Seccia Teresa M, Rigato Matteo, Ravarotto Verdiana, Calò Lorenzo A
Department of Medicine, Hypertension Clinic, University of Padova, 35128 Padova, Italy.
Department of Medicine, Nephrology, Dialysis and Transplantation Unit, University of Padova, 35128 Padova, Italy.
J Clin Med. 2020 May 2;9(5):1328. doi: 10.3390/jcm9051328.
Rho-associated, coiled-coil containing kinases (ROCK) were originally identified as effectors of the RhoA small GTPase and found to belong to the AGC family of serine/threonine kinases. They were shown to be downstream effectors of RhoA and RhoC activation. They signal via phosphorylation of proteins such as MYPT-1, thereby regulating many key cellular functions including proliferation, motility and viability and the RhoA/ROCK signaling has been shown to be deeply involved in arterial hypertension, cardiovascular-renal remodeling, hypertensive nephropathy and posttransplant hypertension. Given the deep involvement of ROCK in cardiovascular-renal pathophysiology and the interaction of ROCK signaling with other signaling pathways, the reports of trials on the clinical beneficial effects of ROCK's pharmacologic targeting are growing. In this current review, we provide a brief survey of the current understanding of ROCK-signaling pathways, also integrating with the more novel data that overall support a relevant role of ROCK for the cardiovascular-renal physiology and pathophysiology.

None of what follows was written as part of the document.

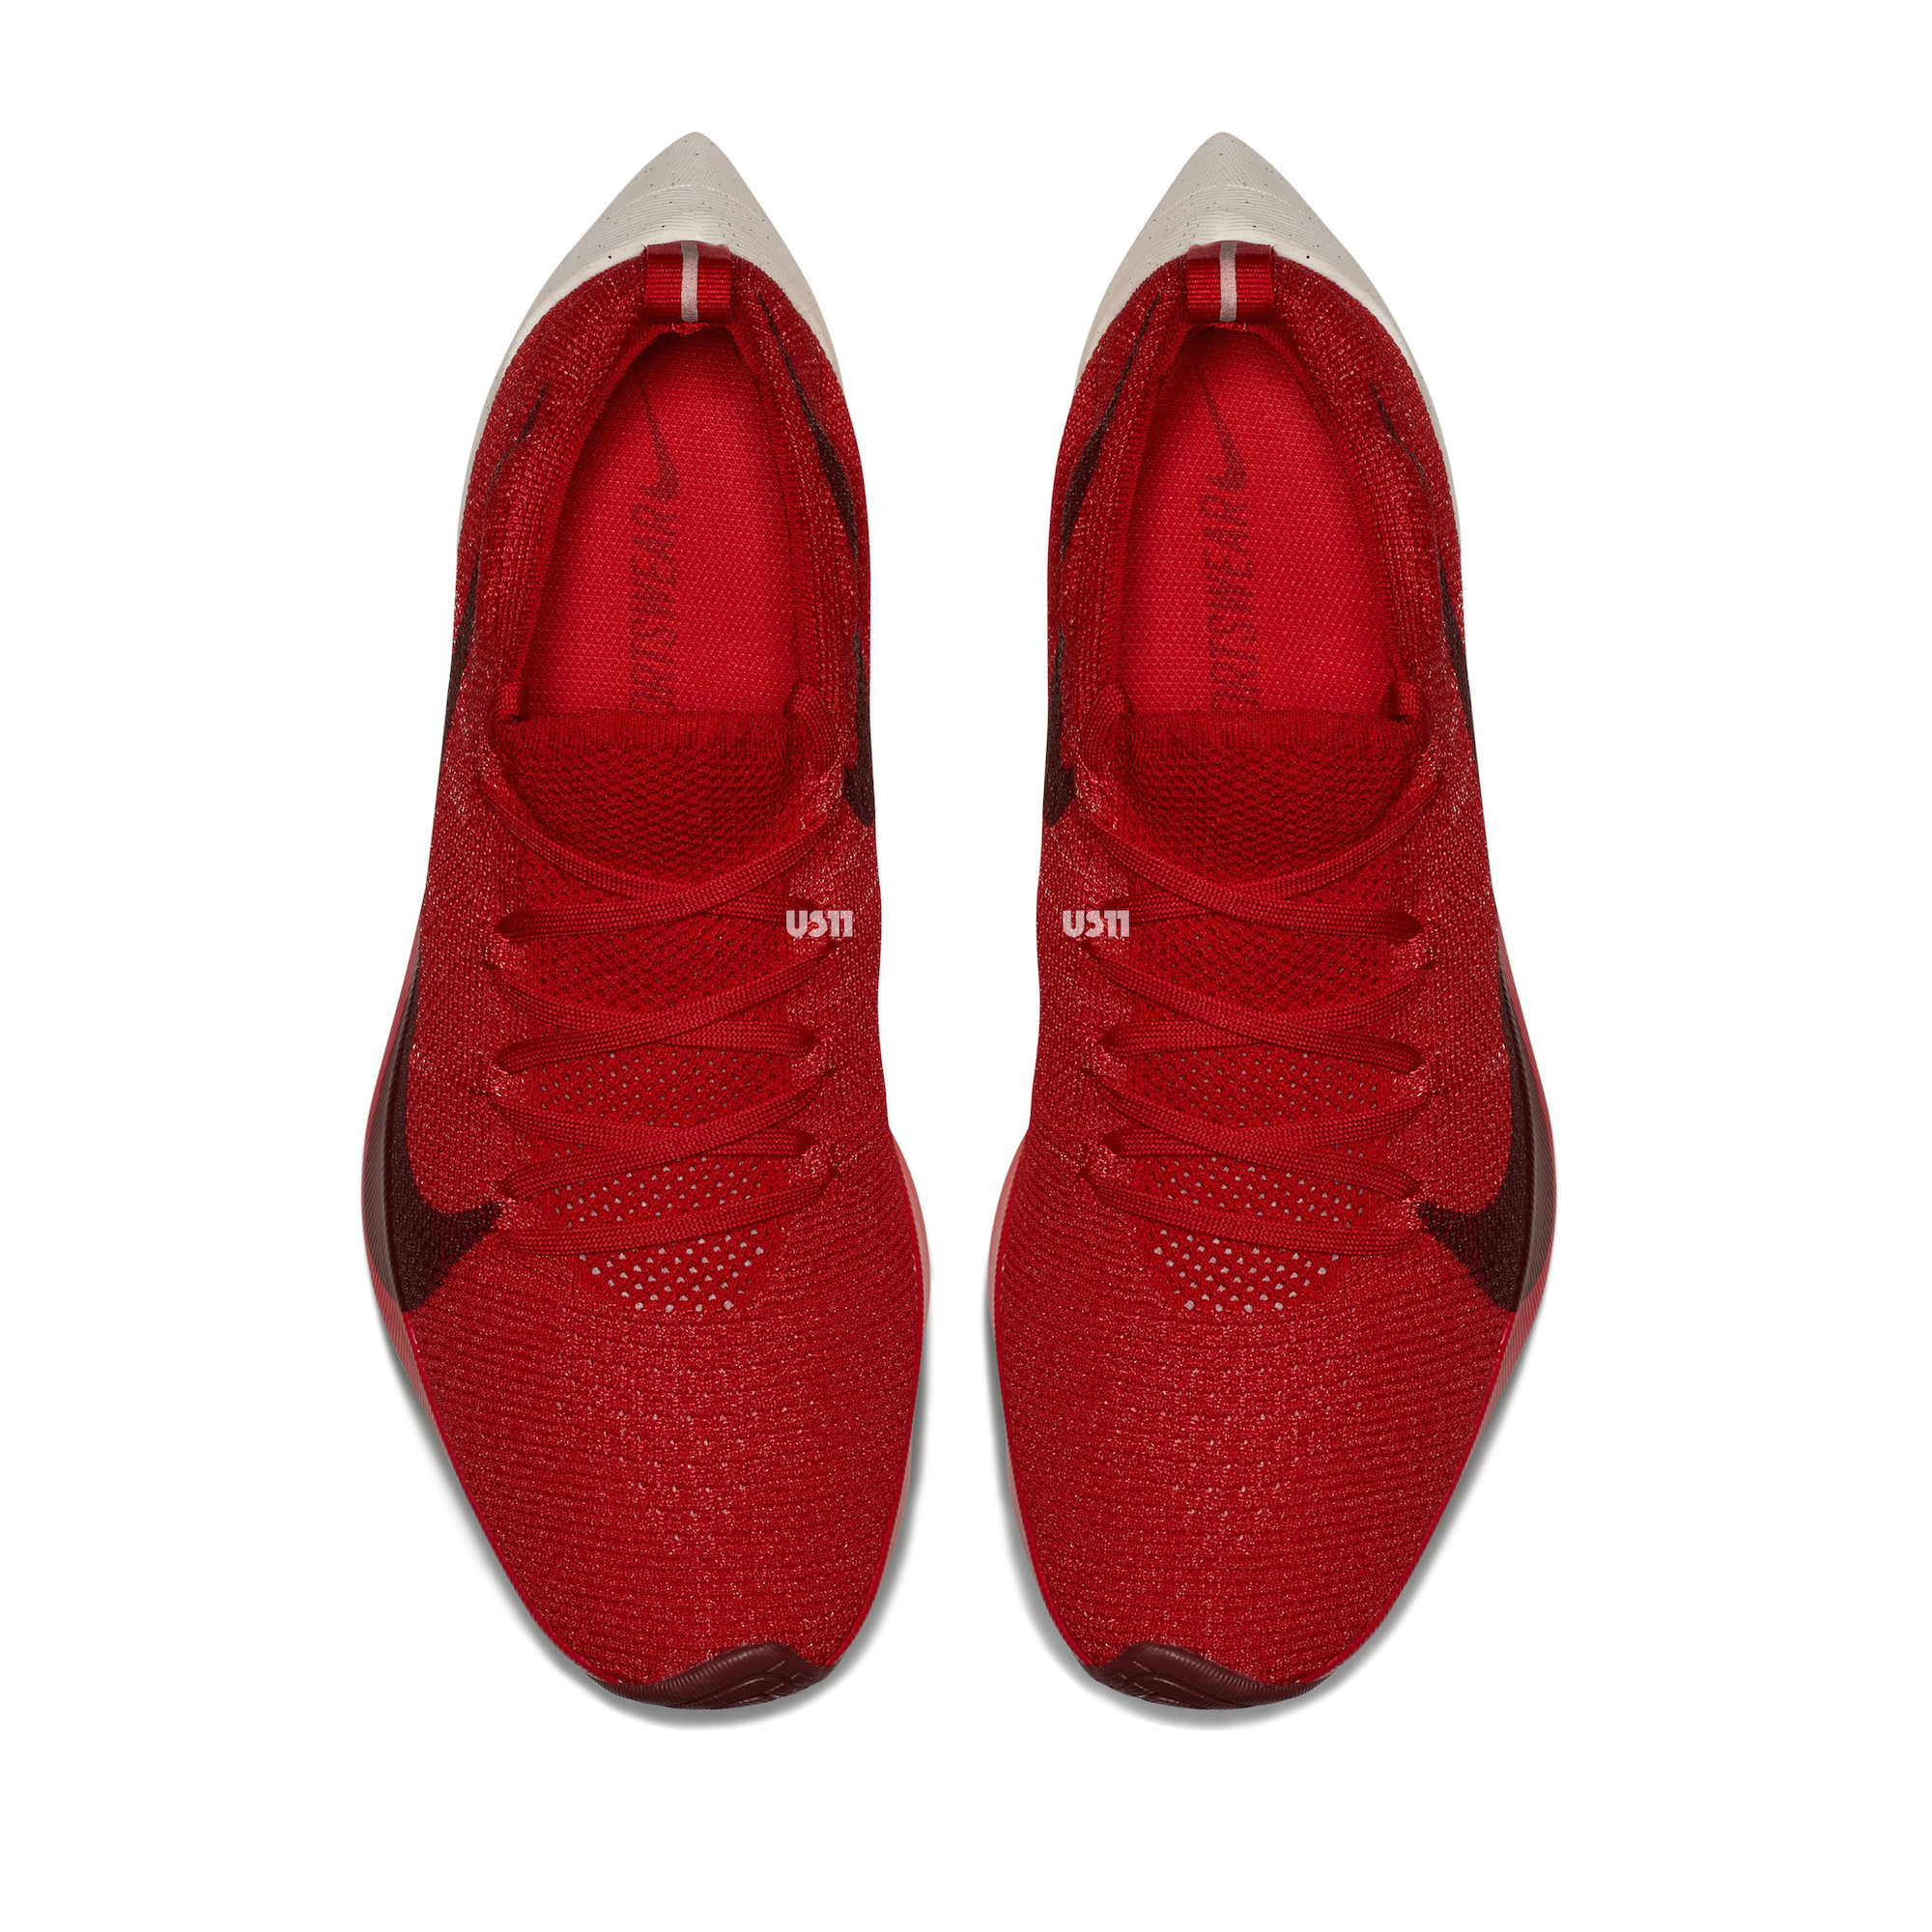 Nike Vapor Street Flyknit red 2

Rho相关卷曲螺旋蛋白激酶(ROCK)最初被鉴定为RhoA小GTP酶的效应物,并被发现属于丝氨酸/苏氨酸激酶的AGC家族。它们被证明是RhoA和RhoC激活的下游效应物。它们通过磷酸化诸如MYPT-1等蛋白质来发出信号,从而调节许多关键的细胞功能,包括增殖、运动和生存能力,并且RhoA/ROCK信号已被证明与动脉高血压、心血管-肾脏重塑、高血压肾病和移植后高血压密切相关。鉴于ROCK在心血管-肾脏病理生理学中的深入参与以及ROCK信号与其他信号通路的相互作用,关于ROCK药物靶向治疗临床有益效果的试验报道越来越多。在本综述中,我们简要概述了目前对ROCK信号通路的理解,同时整合了更新的数据,这些数据总体上支持ROCK在心血管-肾脏生理和病理生理中的相关作用。